2020-07-06 Thread Richard Levitte
On Fri, 03 Jul 2020 11:25:37 +0200,
Matt Caswell wrote:
> On 19/06/2020 08:15, Tomas Mraz wrote:
> > to something like:
> > 
> > int EVP_MacInit(EVP_MAC_CTX *ctx);
> >   
> > int EVP_MacUpdate(EVP_MAC_CTX *ctx, const unsigned char *data, size_t 
> > datalen);
> >  
> > int EVP_MacFinal(EVP_MAC_CTX *ctx, unsigned char *out, size_t *outl, size_t 
> > outsize);
> > 
> > or at least
> > 
> > int EVP_MACInit(EVP_MAC_CTX *ctx);
> >   
> > int EVP_MACUpdate(EVP_MAC_CTX *ctx, const unsigned char *data, size_t 
> > datalen);
> >  
> > int EVP_MACFinal(EVP_MAC_CTX *ctx, unsigned char *out, size_t *outl, size_t 
> > outsize);
> > 
> > Should we do that? I hope for the sheer ugliness of the supposedly
> > consistent names that we do not.
> 
> This pattern is not universally used (as you mention the EVP_PKEY
> API does something different).

Er, you've choose what you wanted to read, I suppose...  For fairly
high level EVP APIs, the CamelCase form is actually quite consistent.
For EVP_PKEY, we have them covering most if not all higher level
usages:

EVP_Sign{Init, Update, Final}
EVP_Verify{Init, Update, Final}
EVP_Open{Init, Update, Final}
EVP_Seal{Init, Update, Final}

> I remain strongly opposed to this renaming as I really don't think it
> helps to do this sort of thing now.
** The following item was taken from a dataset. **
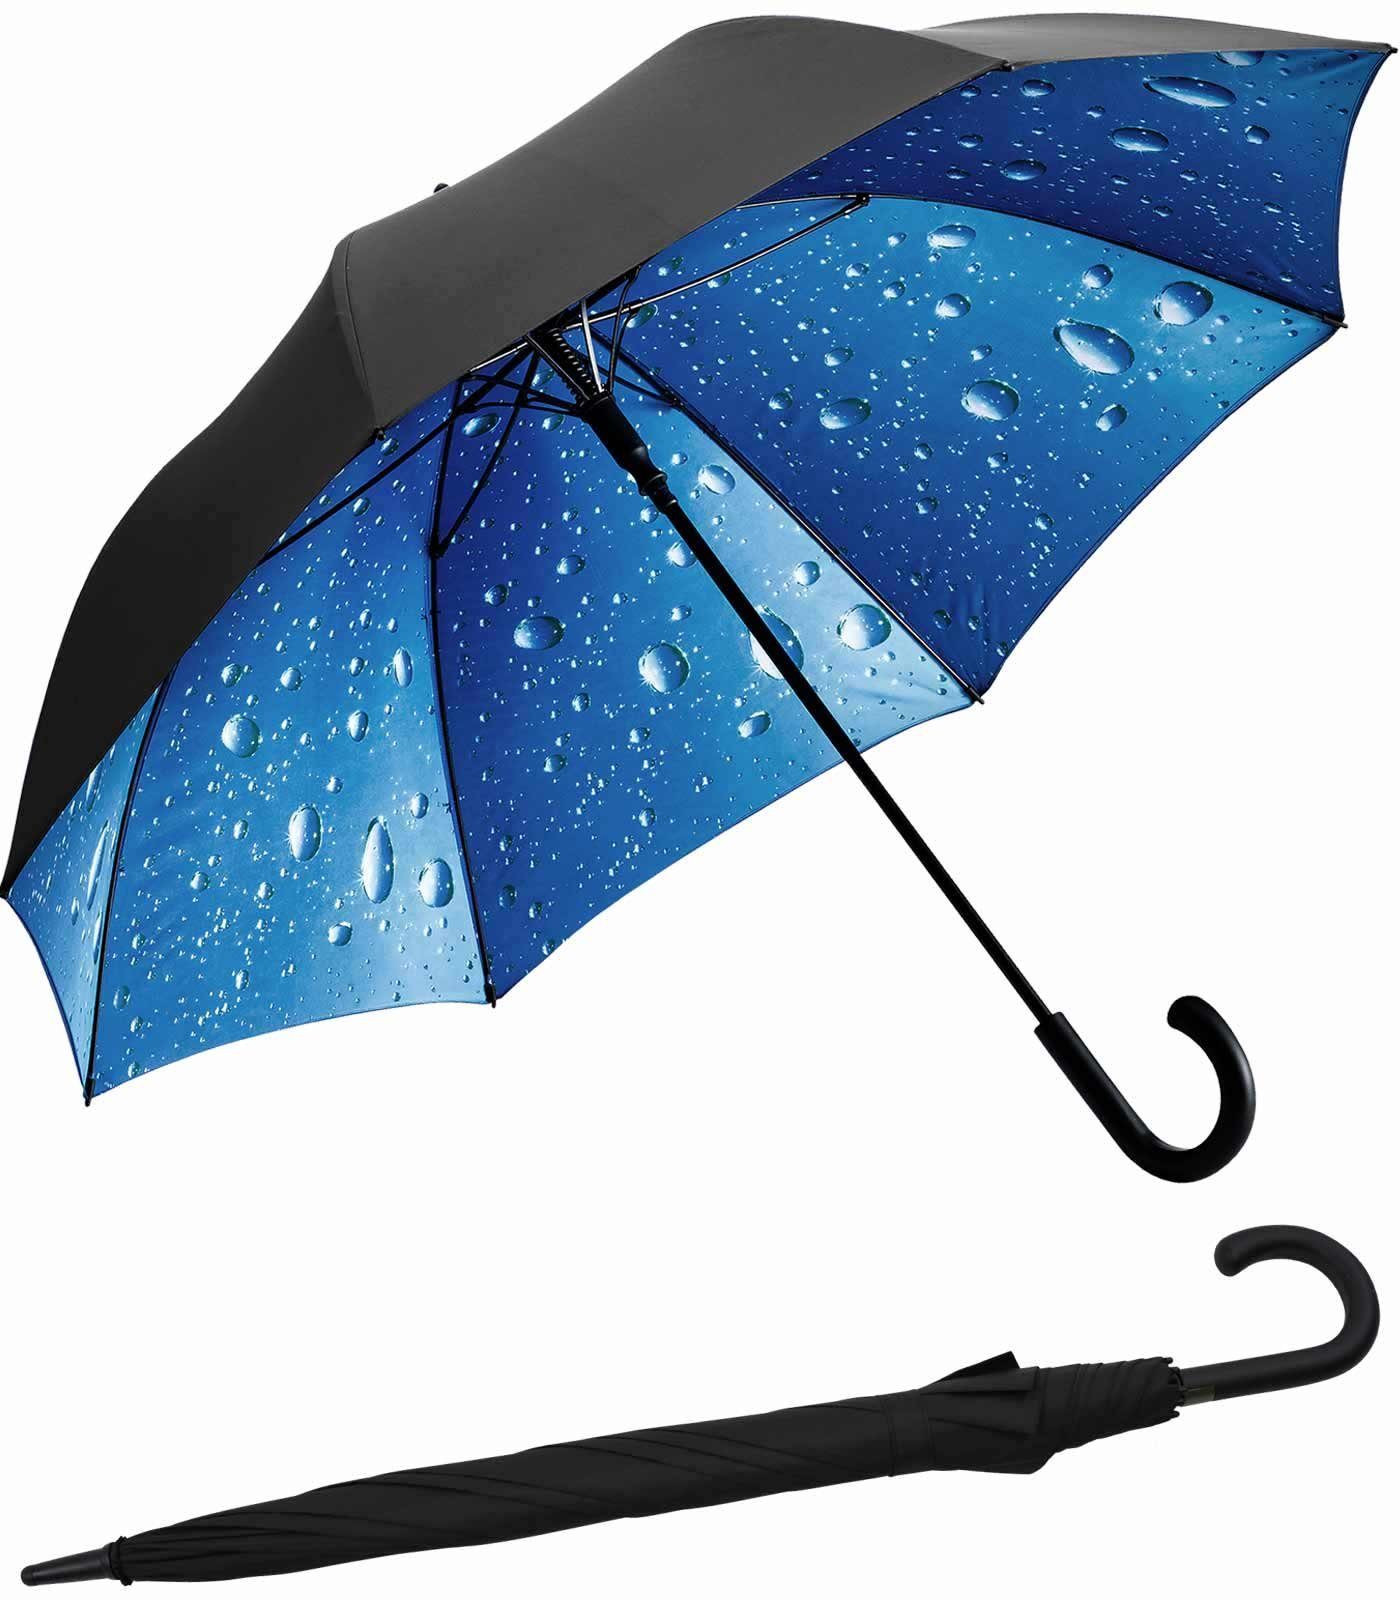 Impliva Langregenschirm Falcone® mit Automatik - innen bedruckter Himmel, das Motiv ist nur von innen sichtbar Regen-schwarz

It just introduces significant
> confusion without a long term strategy. We are too close to 3.0 beta1 to
> embark on this journey now. I'm also not convinced that strategically
> this is the right pattern to use.

What I hear from this is that 3.0 is the wrong time to introduce a new
(and hopefully better) public API, that we should post-pone that to
something like 4.0.  I can get along with that line of thought.

Cheers,
Richard

-- 
Richard Levitte levi...@openssl.org
OpenSSL Project http://www.openssl.org/~levitte/


Re: Naming conventions

2020-07-03 Thread Matt Caswell



On 19/06/2020 08:15, Tomas Mraz wrote:
> to something like:
> 
> int EVP_MacInit(EVP_MAC_CTX *ctx);
>   
> int EVP_MacUpdate(EVP_MAC_CTX *ctx, const unsigned char *data, size_t 
> datalen);
>  
> int EVP_MacFinal(EVP_MAC_CTX *ctx, unsigned char *out, size_t *outl, size_t 
> outsize);
> 
> or at least
> 
> int EVP_MACInit(EVP_MAC_CTX *ctx);
>   
> int EVP_MACUpdate(EVP_MAC_CTX *ctx, const unsigned char *data, size_t 
> datalen);
>  
> int EVP_MACFinal(EVP_MAC_CTX *ctx, unsigned char *out, size_t *outl, size_t 
> outsize);
> 
> Should we do that? I hope for the sheer ugliness of the supposedly
> consistent names that we do not.

This pattern is not universally used (as you mention the EVP_PKEY API
does something different). This is one of the areas of existing
quirkiness, so I'd be ok with leaving these names as they are.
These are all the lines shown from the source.